In an effort spearheaded by the Supreme Leader, Iran’s regime has courted Iraqi Prime Minister Haider al-Abadi, on issues such as regional leadership and opposition to an independent Iraqi Kurdistan.

After Ayatollah Khamenei welcomed al-Abadi on Tuesday and set out the Islamic Republic’s key points — notably without the presence of President Hassan Rouhani — Speaker of Parliament Ali Larijani pressed Iran’s line on Wednesday.

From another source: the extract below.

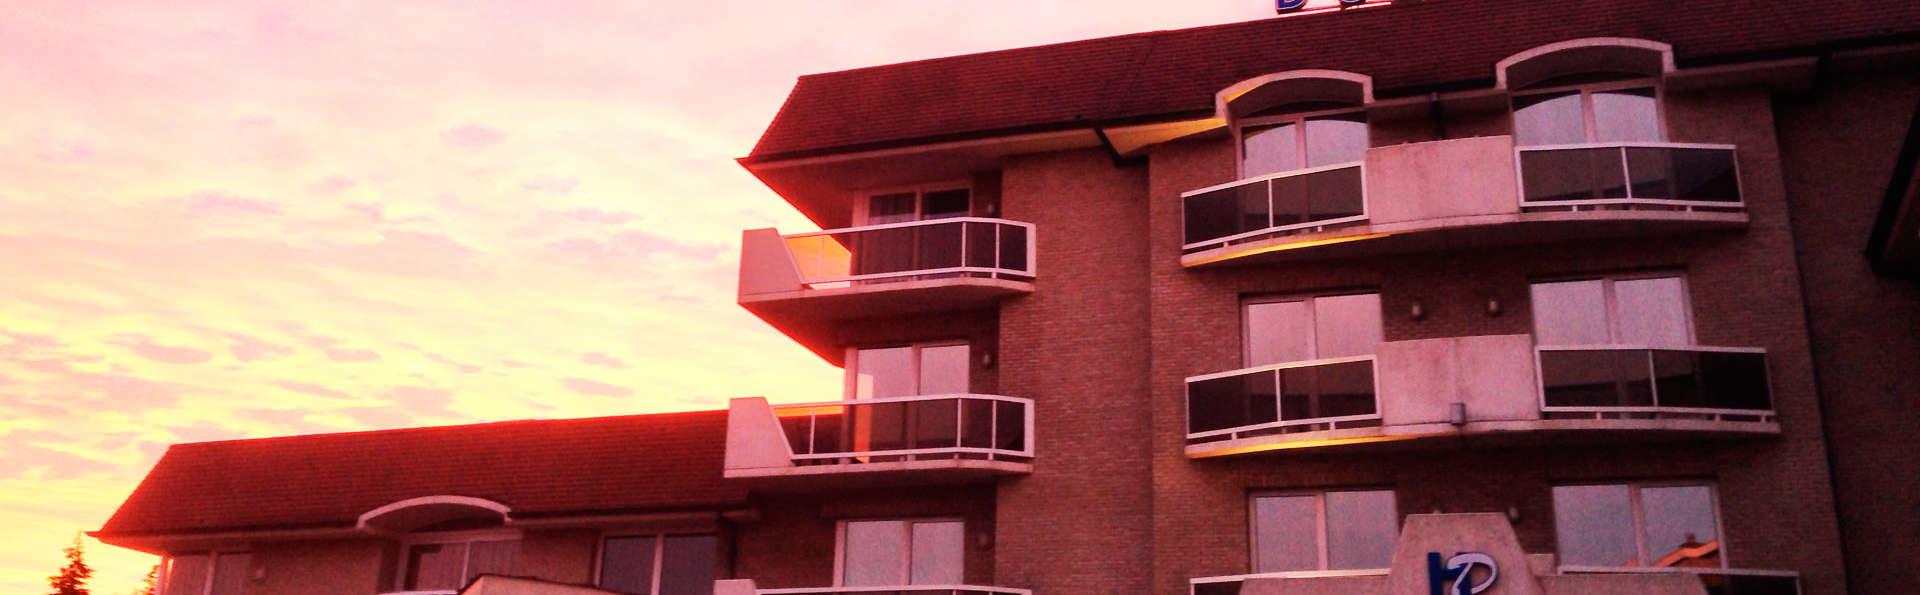 Hotel Donny (de Panne) - EDIT_NEW_front.jpg

Larijani implicitly bolstered the increasingly vocal criticism of a Kurdistan referendum, declaring that “the Zionist regime seeks Iraq’s disintegration”. The Speaker even linked the issue to “Takfiri terrorists”, saying that they are creating internal conflicts “to raise the issue of Iraq’s partition, which Israel is seeking” and to occupy Baghdad with domestic issues to undermine its positive role in the region.

“Iran will never play into the hands of countries that deploy terrorists under different pretexts,” Larijani asserted.

On Tuesday, al-Abadi was taken straight from the airport to his audience with Ayatollah Khamenei, who used the occasion for another blasting of the US: ““Do not trust the Americans at all because they seek an opportunity to strike their blow.”

Khamenei said of Iraqi Kurdish independence: “As a neighbor, the Islamic Republic of Iran is against certain murmurs about the holding of a referendum for the separation of a section of Iraq.”

See Iran Daily, June 21: Was Tehran’s Missile Attack In Syria A Dud?

Iran’s long-standing interest in Iraq, and its approach to the region, is facing the dual challenge of a toughter Saudi line — bolstered by President Trump’s visit to Riyadh in late May — and the ISIS-claimed June 7 double attacks in Tehran.

The Supreme Leader and senior military and political officials have escalated their rhetoric against a supposed US-Saudi-Israeli plot against the Islamic Republic, and the Revolutionary Guards fired missiles on Sunday into Syria, the first Iranian airstrikes in the country’s 75-month conflict.

Dropping his foreign policy of “engagement” for the harder line of the Supreme Leader, President Hassan Rouhani marks Quds (Jerusalem) Day on Wednesday:

Today, it happens rarely for Zionists not to have a hand, either behind the scenes or openly, in rifts among regional countries.

It is clear that they support terrorism in the region. Undoubtedly, the split between regional countries and the Muslim world, such as the ones between Iran and Saudi Arabia, Qatar and Saudi Arabia, Yemen and Saudi Arabia, and Egypt and Turkey eventually benefits global Zionism and usurping Israel.